Много позже время расставило все по своим местам.

С. Яблоновский «Кто завоевал свободу», 1917


Как и большинство людей его круга, Яблоновский примкнул к партии Народной свободы. По семейным воспоминаниям, он не признавал революционных передряг, поэтому недоумение вызывает тезис, приведенный в упоминавшейся статье Веры Соминой, что «первую русскую революцию он приветствовал». Тем более, опыт был: в 1905 году Яблоновский был свидетелем, как сожгли типографию (фабрику) Сытина, где печатались книги для народного просвещения. Позже о драматизме этих событий Яблоновский писал в эмиграции. Хотя Яблоновский и написал «опыт народного гимна» на музыку композитора П. Н. Ренчицкого с посвящением «обновляющейся России», как всякий благоразумный человек, в революциях видел зло, когда одни прохиндеи заменяли других. «Без конца горд только тем, что никогда и ни в каких писаниях, и в этом гимне тоже, не было у меня ничего злобного и кровожадного». «Гимн» начинался словами:

«Благословен будь наш путь благородный,
К воле вперед и вперед.
Славься и крепни в России свободной,
Русский свободный народ!»
С. Яблоновский «Надклассовая борьба и задачи момента», 1917


В разного рода собраниях этот гимн исполняли не по три раза, как прежний, а например, как на заседании педагогического общества, исполненный великолепным басом Мозжухиным по требованию присутствующих девять раз. В связи с этим Яблоновский вспоминал трагикомическую ситуацию: когда он договорился о печати тиража «Гимна» за собственные средства на фабрике Мамонтова с ежемесячным погашением долга, к нему пришли «…на квартиру мамонтовские рабочие и потребовали, чтобы я уплатил следуемое немедленно, иначе они от меня не уйдут. Я не помню, как вышел из этого положения, но помню суровые решительные лица моих гостей, сумрачно смотревшие и без слов говорившие, что мне объявлена война». Кстати, в то время писался другой гимн, и автор его, известный нам Минский, включил в него совсем другие слова:

«Пролетарии всех стран, соединяйтесь,
Наша сила, наша воля, наша власть!
В бой последний как на праздник собирайтесь,
Кто не с нами — тот наш враг! Тот должен пасть!
Мир возникнет из развалин, из пожарищ…»
ну и так далее.

В своих политических убеждениях, равно как и в нравственных позициях, Яблоновский был подчеркнуто последователен, никогда не менял раз и навсегда выбранных ориентиров, что привело в дальнейшем к полному расхождению с некоторыми «братьями» по эмиграции, в том числе с Буниным. Василий Иванович Немирович-Данченко, одно время сотрудничавший с Яблоновским в «Русском слове», писал ему: «Вы всегда принадлежали к тем редким исключениям в литературе, которыми она справедливо может гордиться. Часто в безоглядном увлечении ею, Вы ни разу не омрачили своего духовного облика ни нравственным, ни политическим диссонансом. Вы никому и ничему не подслуживались. В капищах Ваала Ваших жертв не было».

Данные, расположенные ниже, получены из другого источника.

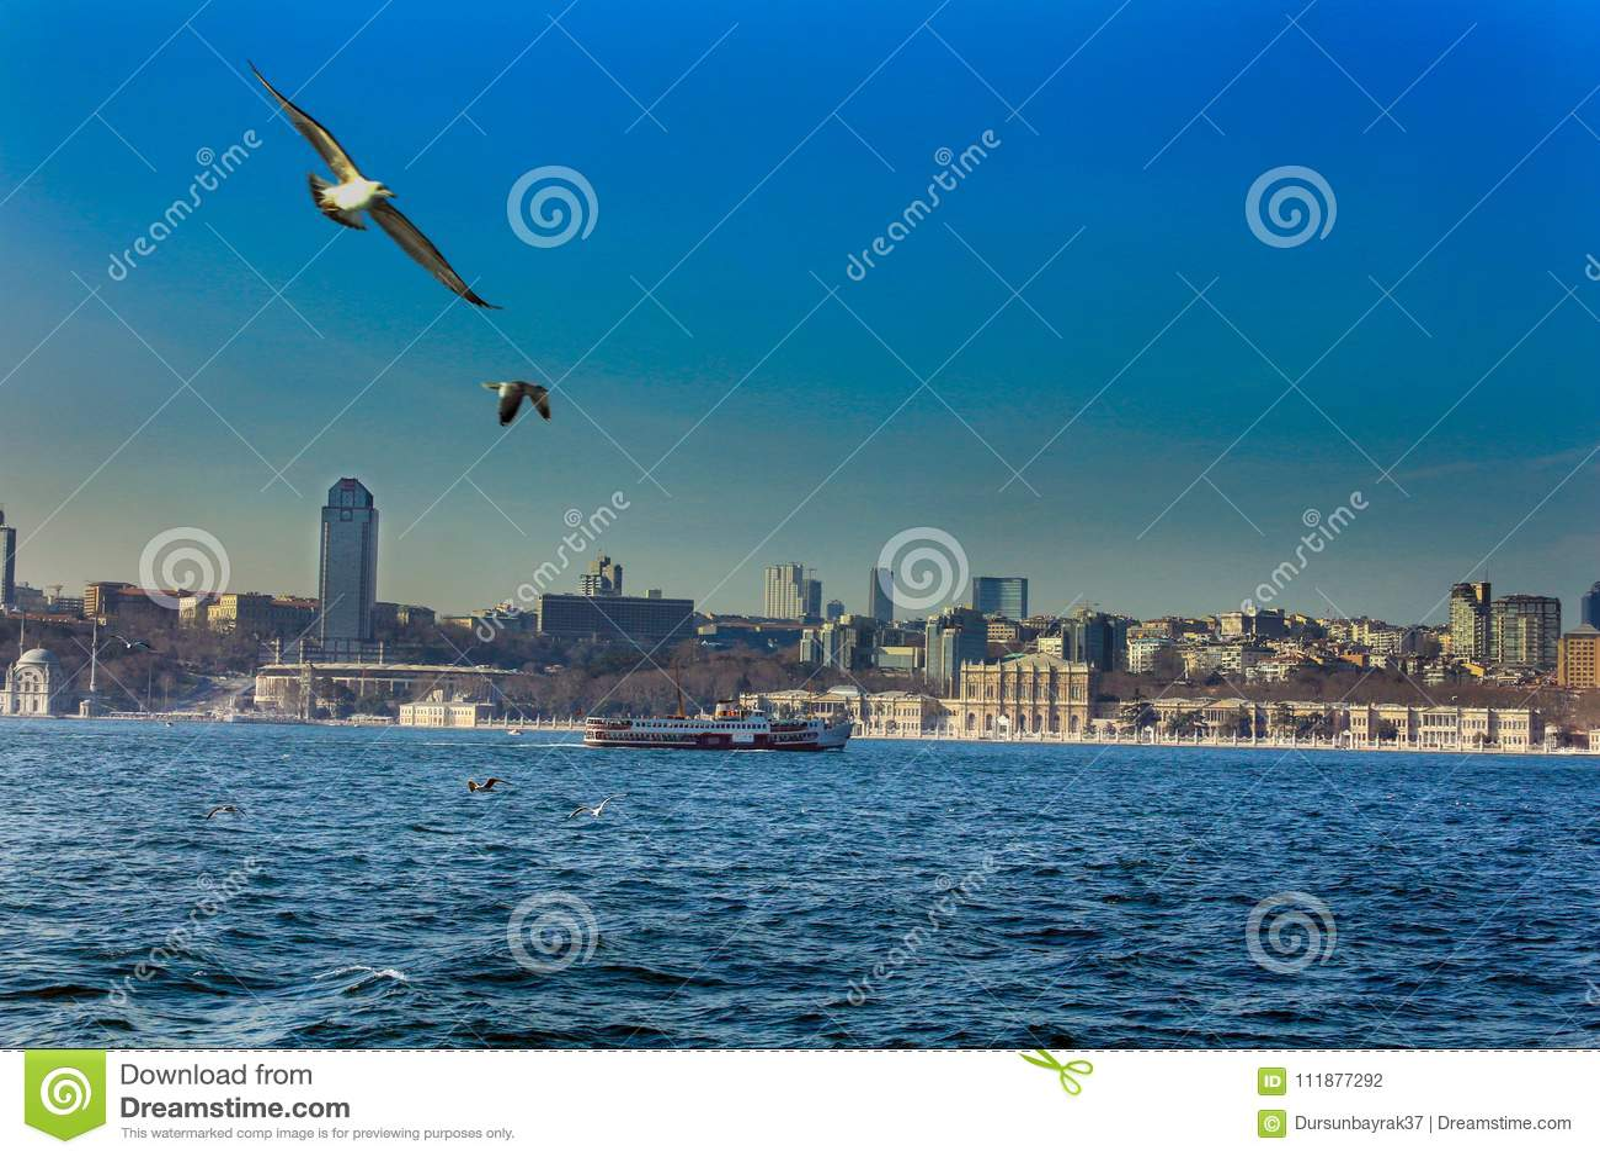 Дворец Стамбул Bosphorus Dolmabahce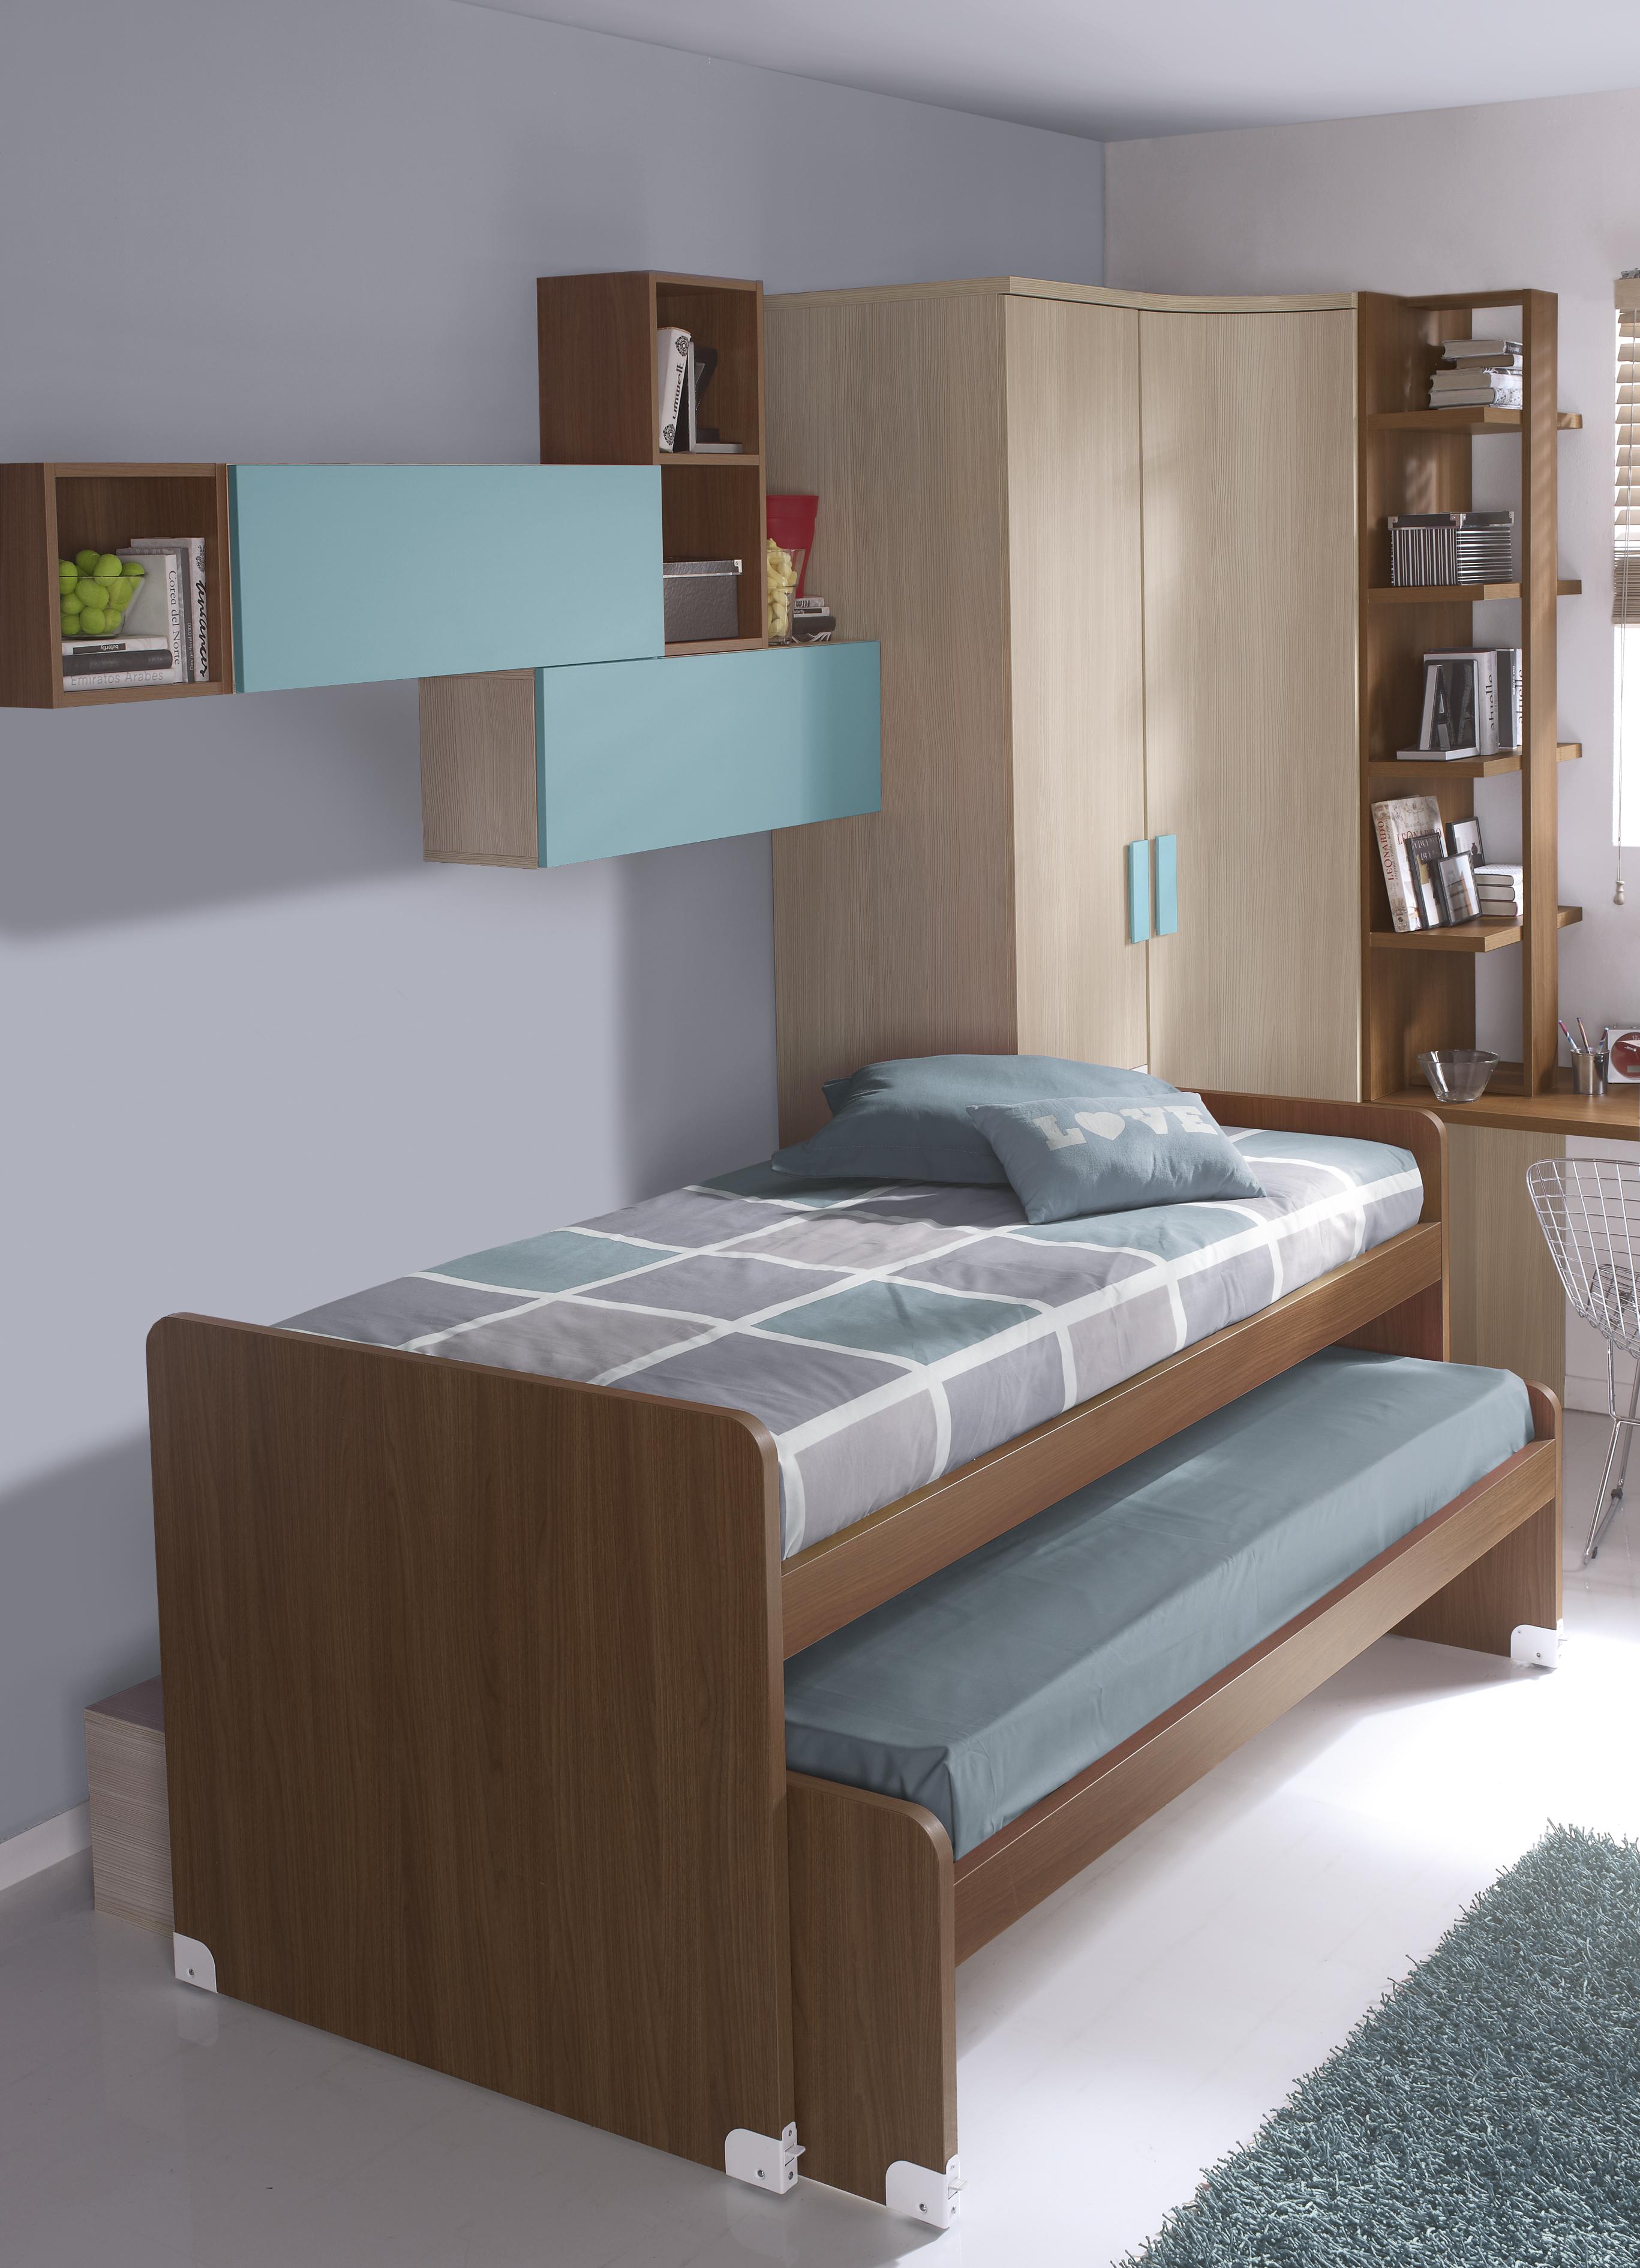 muebles habitacion juvenil pequena 20170724052708

Уделяя массу времени профессиональной работе, общественной и партийной деятельности, Сергей Яблоновский занимался воспитанием детей, помогал гимназии Кирпичниковой на Знаменке, где учился его сын, Александр Потресов. Сын Василия Качалова, Вадим Шверубович, вспоминал, как в рождественском (1916 г.) гимназическом спектакле ему была поручена роль Бориса Годунова. Учительница русского языка приходила в отчаяние от игры сына известного актера и «позвала на помощь отца моего одноклассника, очень известного в то время театрального критика “Русского слова”, писателя-очеркиста и знатока театра Сергея Викторовича Яблоновского (Потресова). Он попробовал поработать со мной, объяснял мне смысл каждой фразы, каждого слова».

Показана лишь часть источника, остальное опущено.